Si “il n’y a pas d’anomalie belge dans l’évolution des prix”, ceux-ci sont plus élevés en Belgique
L’inflation des produits alimentaires suit la même tendance en Belgique que dans les pays voisins, constate le ministre de l’Economie Pierre-Yves Dermagne après avoir suivi l’évolution pendant plusieurs mois. Certes, mais les prix sont plus élevés en Belgique et de plus en plus de personnes vont faire leurs courses à l’étranger.
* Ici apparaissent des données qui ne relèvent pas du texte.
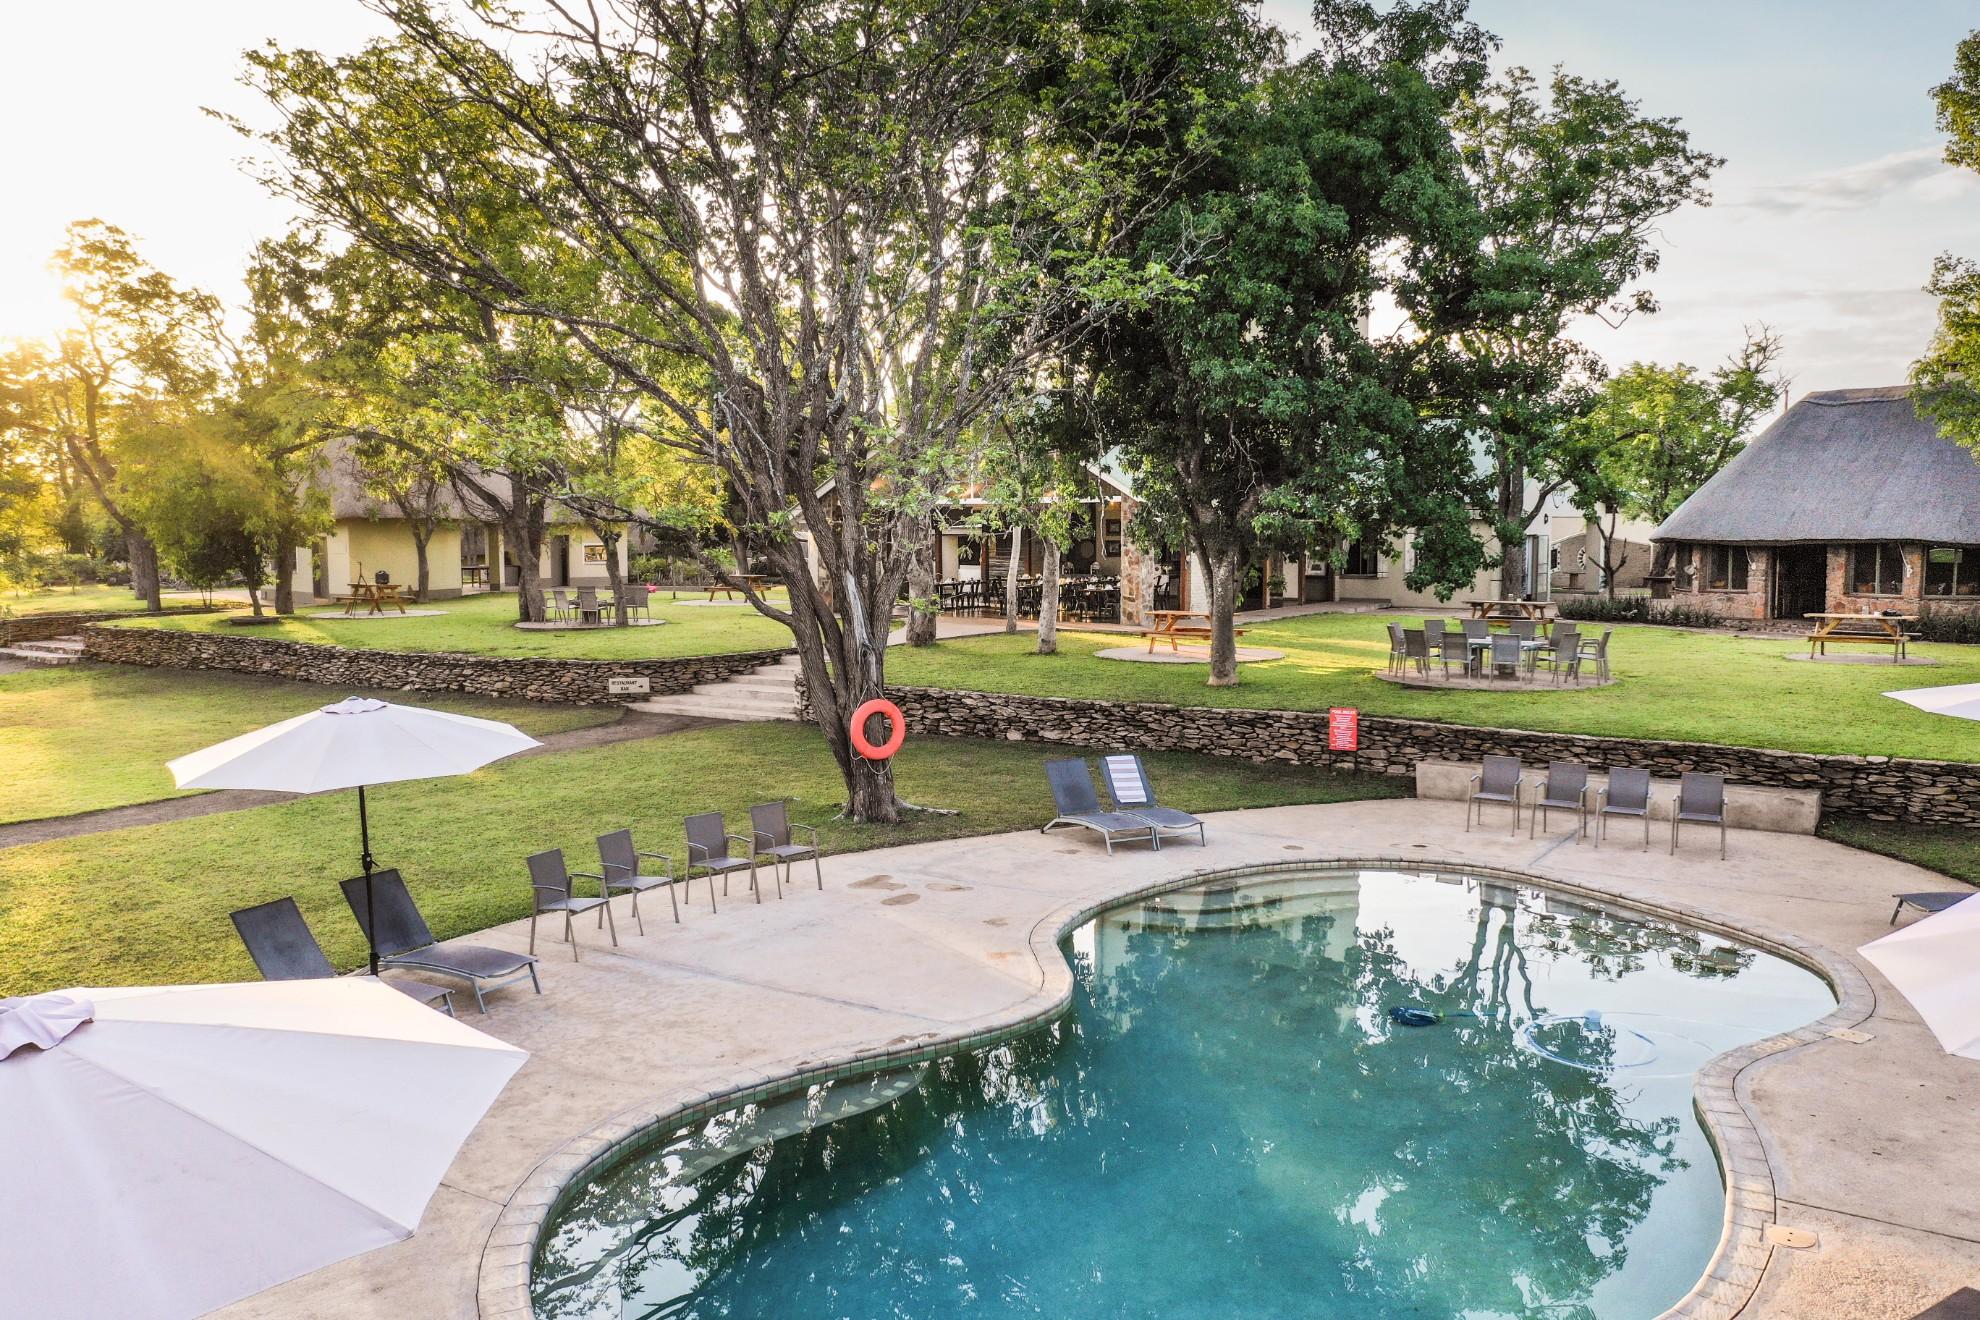 Robins Camp - Machaba Safaris - Hwange - Zimbabwe Pool and Gardens

Et les choses ne semblent pas près de changer.
La conclusion du ministre fédéral de l’Économie après avoir suivi les prix des denrées alimentaires pendant les mois de l’été : “Il n’y a pas d’anomalie belge dans l’évolution des prix”. Ou comment répondre à une question que personne n’a posée.
Deux fois par mois (une première fois pour une estimation puis une deuxième fois pour une confirmation) Eurostat, l’agence des statistiques de l’Union européenne, publie les chiffres – harmonisés – de l’inflation de la zone euro. On sait donc que l’inflation des denrées alimentaires suit le même parcours dans tous les pays européens, plus ou moins. Ils sont tous impactés par les mêmes problèmes : énergie, guerre en Ukraine, catastrophes climatiques, hausse des coûts, etc. (et les effets peuvent mettre plusieurs mois avant d’être sensibles dans les rayons des magasins). Cette flambée a largement été commentée par de nombreux experts ces derniers mois. Bref, la réponse à cette question était déjà devant nos yeux depuis de nombreux mois.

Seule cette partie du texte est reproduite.